THE ULTIMATE ROASTED HARVEST SALAD FOR FALL

The change of seasons can be a very exciting time in the kitchen! Now is the time to experiment with in-season produce and get creative with flavors and textures. Soups, sautés and salads are all great dish-types to incorporate fall produce into and are often quick and easy to whip up. One of the best ways to bring out those classically delicious fall flavors is by roasting. When you roast fruits or veggies, you enhance its natural flavors while producing a hearty and satisfying texture. To help kick off the new season, we’re sharing one of our favorite roasted vegetable salads that is packed with fall flavors and healthy ingredients. For a balanced meal, prepare alongside a pureed soup, or some fresh grilled chicken!       Ingredients 2 medium pears sliced and cored 1 butternut squash cut into cubes ½ cup dried cranberries 1/3 cup pecans 1 tablespoon olive oil Teaspoon of Salt 5 cups of mixed greens 4 ounces of goat cheese Dressing of your choice!   Directions Preheat your oven to 425 degrees.

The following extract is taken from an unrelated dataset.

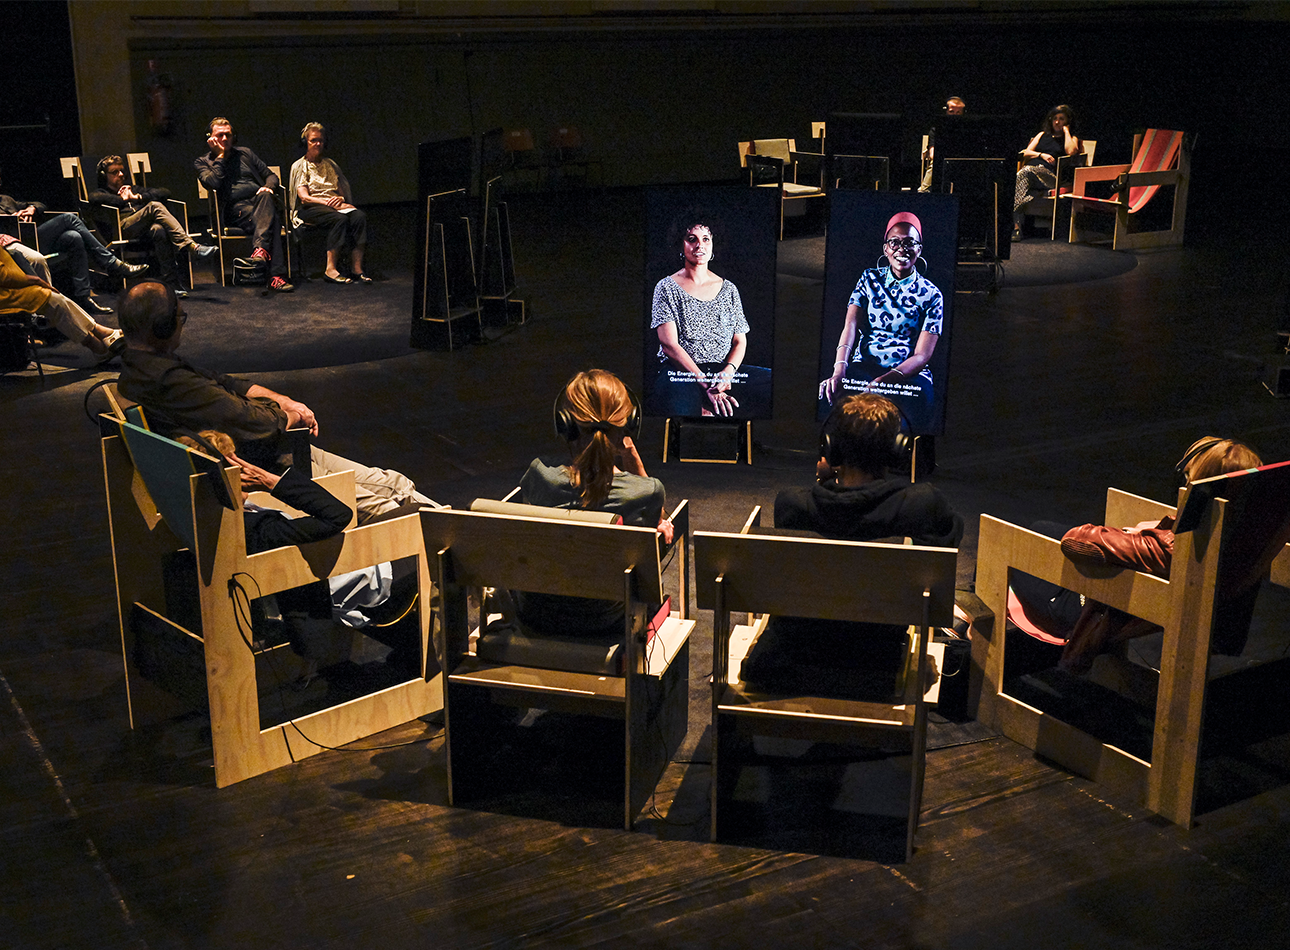 2 screens are set up in front of 4 chairs depicting 2 people. The same scene is replicated in the background.
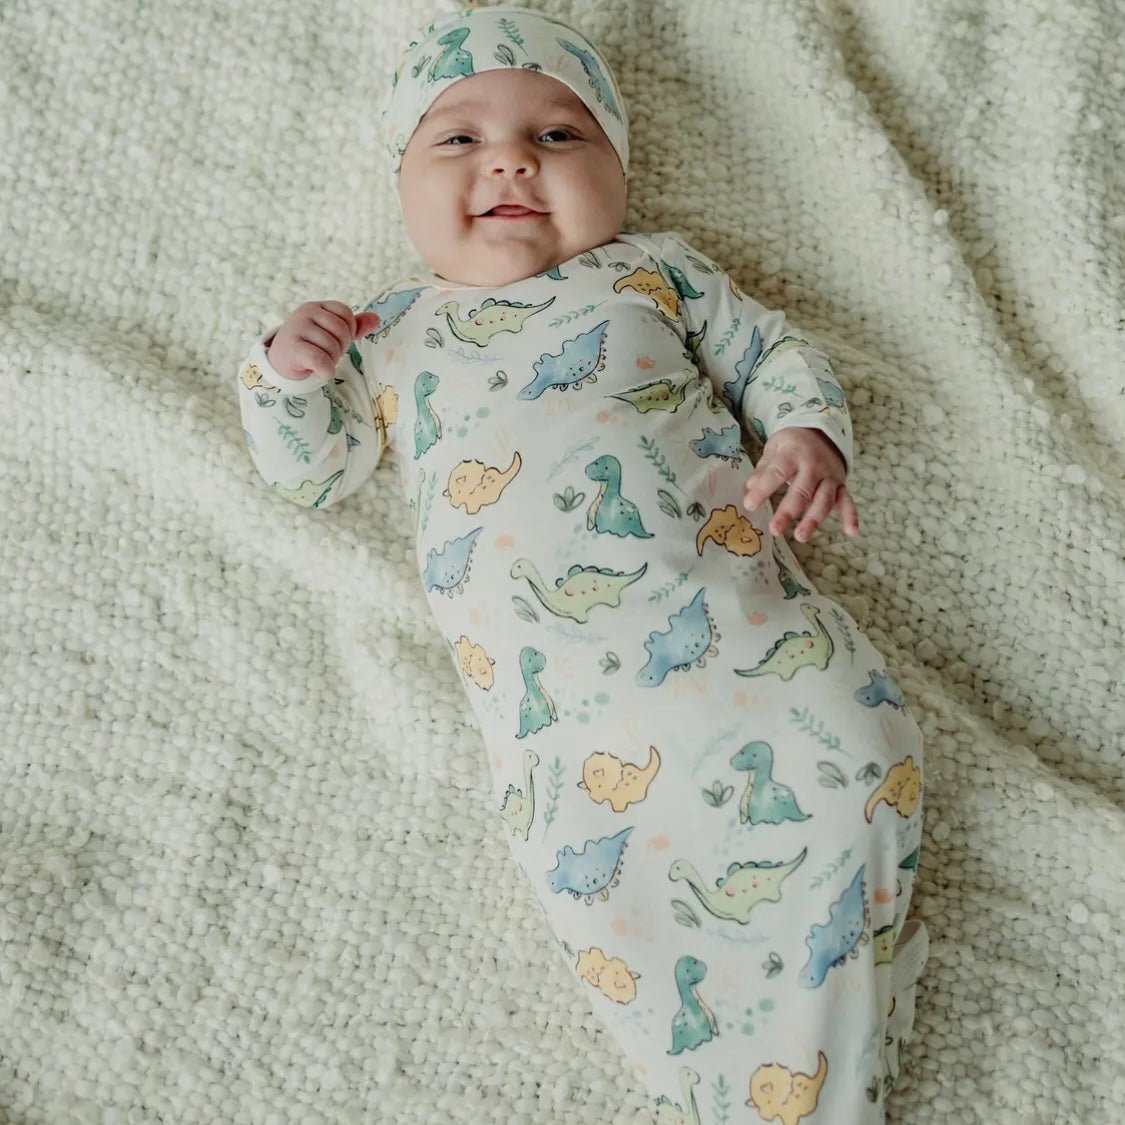 Baby in under the Nile dinosaur Organic gown and beanie

On a baking sheet, place your sliced pear and diced butternut squash. Drizzle some olive oil lightly on top and then toss the ingredients to give them an even coat. Roast in the oven for 20 minutes. Remove the pears and set them to cool while leaving the squash to roast another 10 minutes (or until desired consistency.) Remove and let them sit to cool with the pears. To arrange the salad, place about 1 to 2 cups of mixed greens onto a plate. Top with the roasted pears and squash. Sprinkle the cranberries and goat cheese on top along with the dressing of your choice!